Pamela was a victim of the Earring Killer – the first in six years since Sarah Graham; the eighth in sixteen years.

And then, precisely as Harry Bailey said, Pamela became a number. His wife, Janine, was number two; Pamela was number eight. Articles would be written in which the name ‘Pamela’ was barely used, yet the number ‘eight’ appeared multiple times. There was a clamour, a rush. Would the Earring Killer reach double figures? How long would it take?

People looked at me differently, and they talked about Pamela differently. That’s how people like Harry Bailey at the cricket club, and Alan Ilverston, who lives on the canal, came into my life. Others, too. So many others. We’re all connected by a single person – the Earring Killer.

Pamela Mallory became number eight – but she wasn’t the last.

SATURDAY

THIRTY-TWO

Vivian Mallory looks hardly anything like the profile photo on her author website. In that, she has flowing gingery locks, and a curt, tight, non-expression as she stares at a point a fraction off-camera. In real life, she’s greyer, and older. The wrinkles are deeper and a general tiredness hangs over her, as if she hasn’t had a proper night’s sleep since she first started using a keyboard.

Perhaps all authors are greyer, older, wrinklier, and more tired in real life?

She’s happy to see me, though.

‘Eve, my word! Gosh! It’s been such a long time, hasn’t it?’

I wish I remembered her but Vivian is a mystery to me. She was Mum’s friend, and I know the name, though there’s no recognition on my end beyond the author website through which I trawled last night. I sent an email through her page and woke to find a reply inviting me to her house. I’m not sure why, but I assumed creative types lived in massive houses but Vivian’s is an unassuming end of terrace that’s part of a housing association block. A pizza menu is hanging half from her letterbox but she ignores it as she waves me inside.

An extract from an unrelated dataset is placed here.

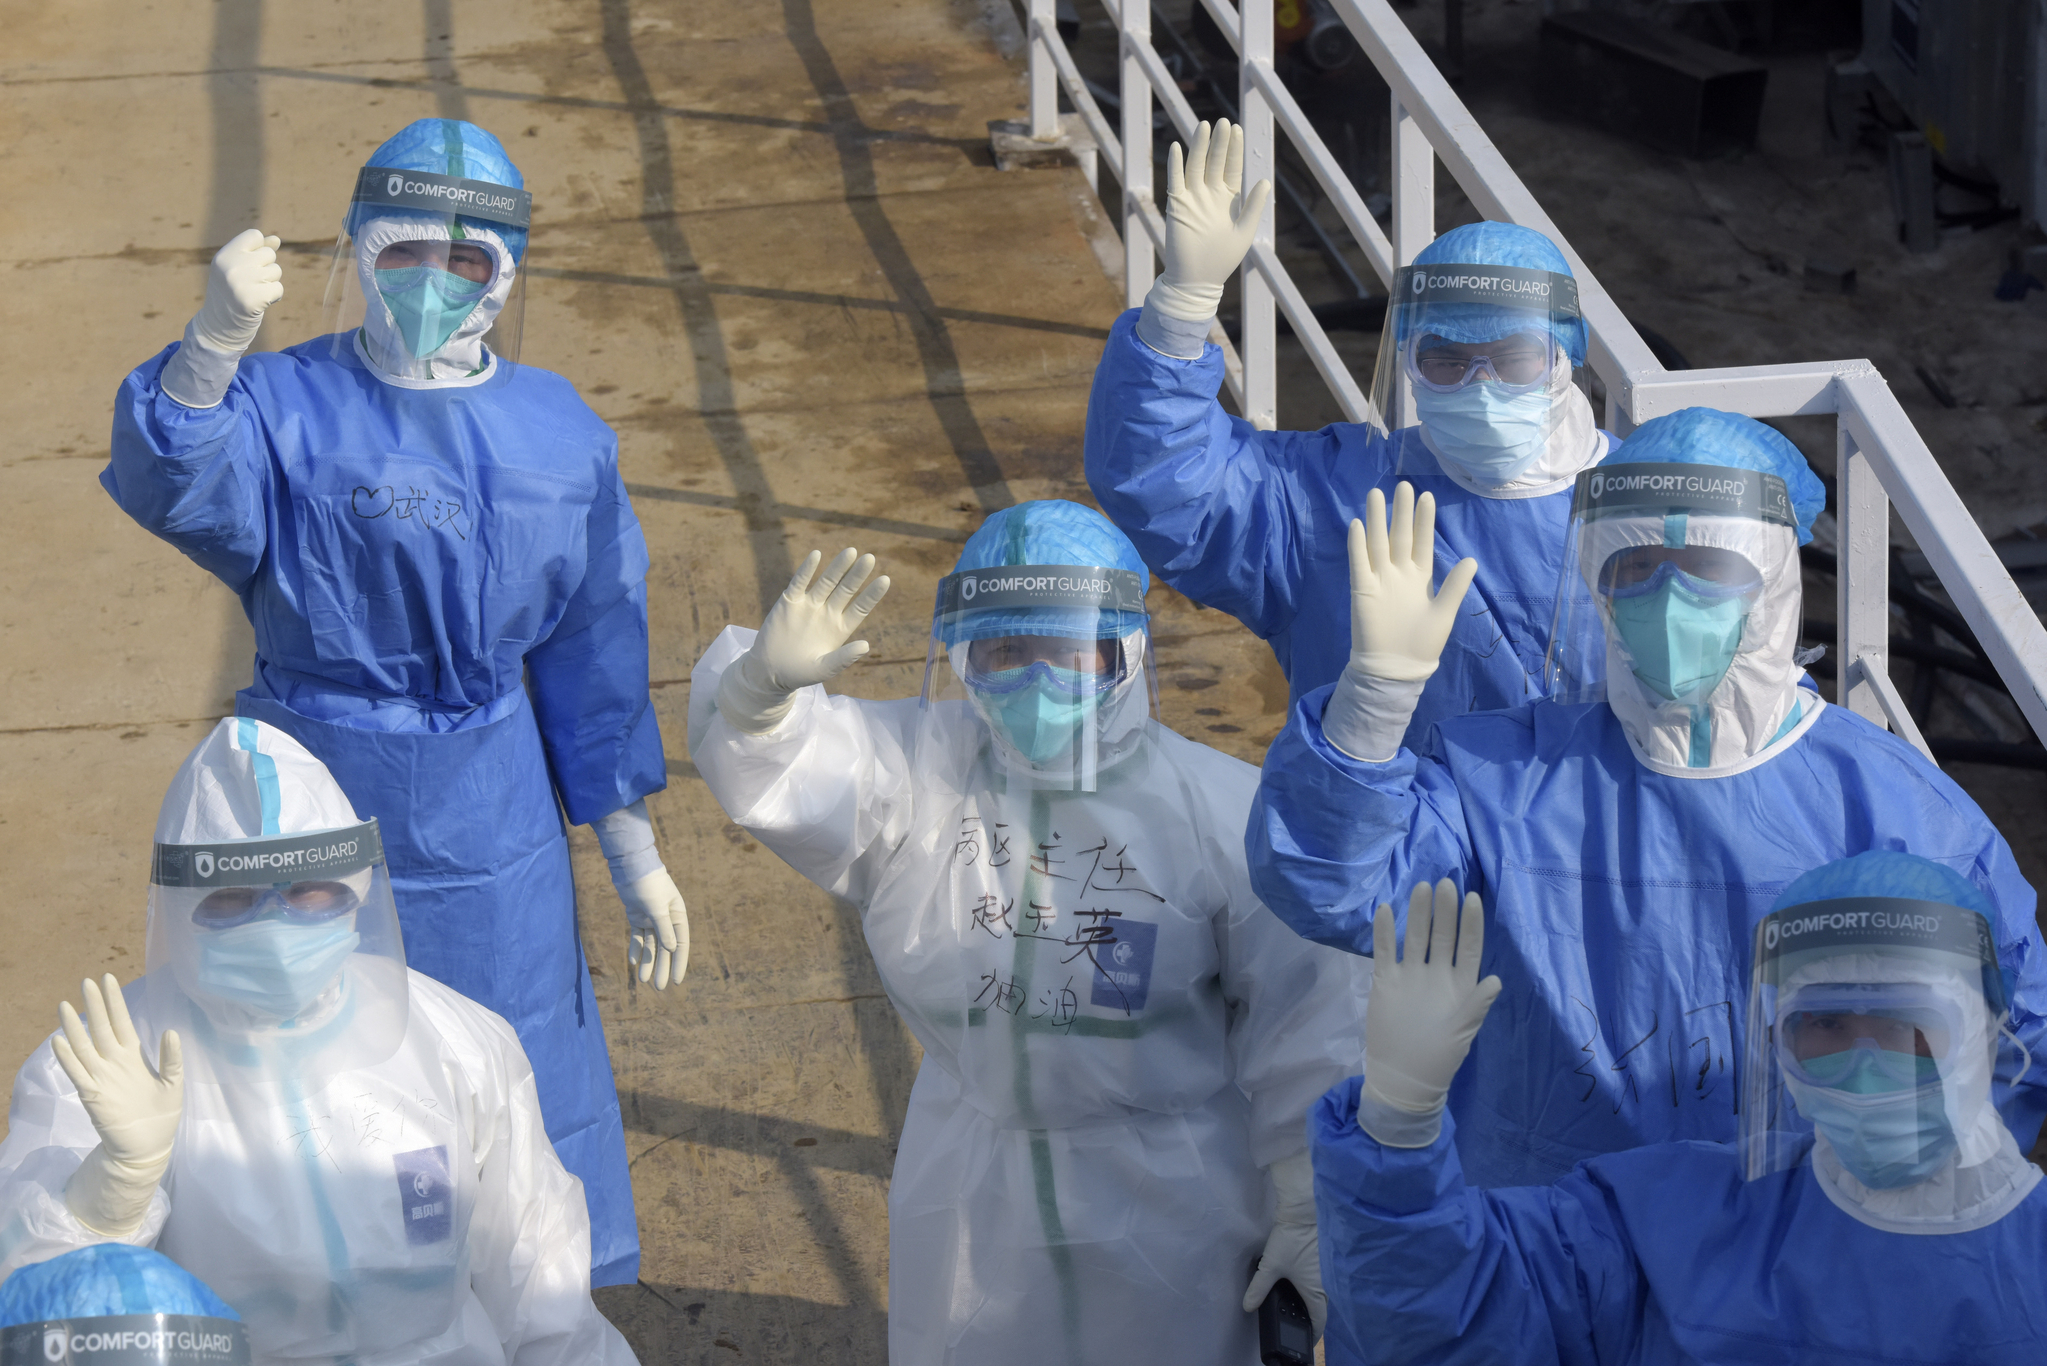 중국 우한에서 신종 코로나바이러스 감염증과 분투를 벌이고 있는 의료진이 카메라를 향해 손을 흔들고 있다. [신화통신=연합뉴스]

We go through the whole ‘Tea? Coffee?’ thing, before we end up in her living room. A pair of battered sofas are more for comfort than appearance, which I think is the best way. I’m almost swallowed as we sit across from one another.

‘It was such a delight to see your name in my email,’ Vivian says. ‘I saw “Falconer” and instantly thought of your mum. I thought it was a coincidence, then I realised it was you.’

I’m a little blank, because there’s such familiarity from her that I can’t return.

‘You said you wanted to ask something about your mum…?’ she prompts.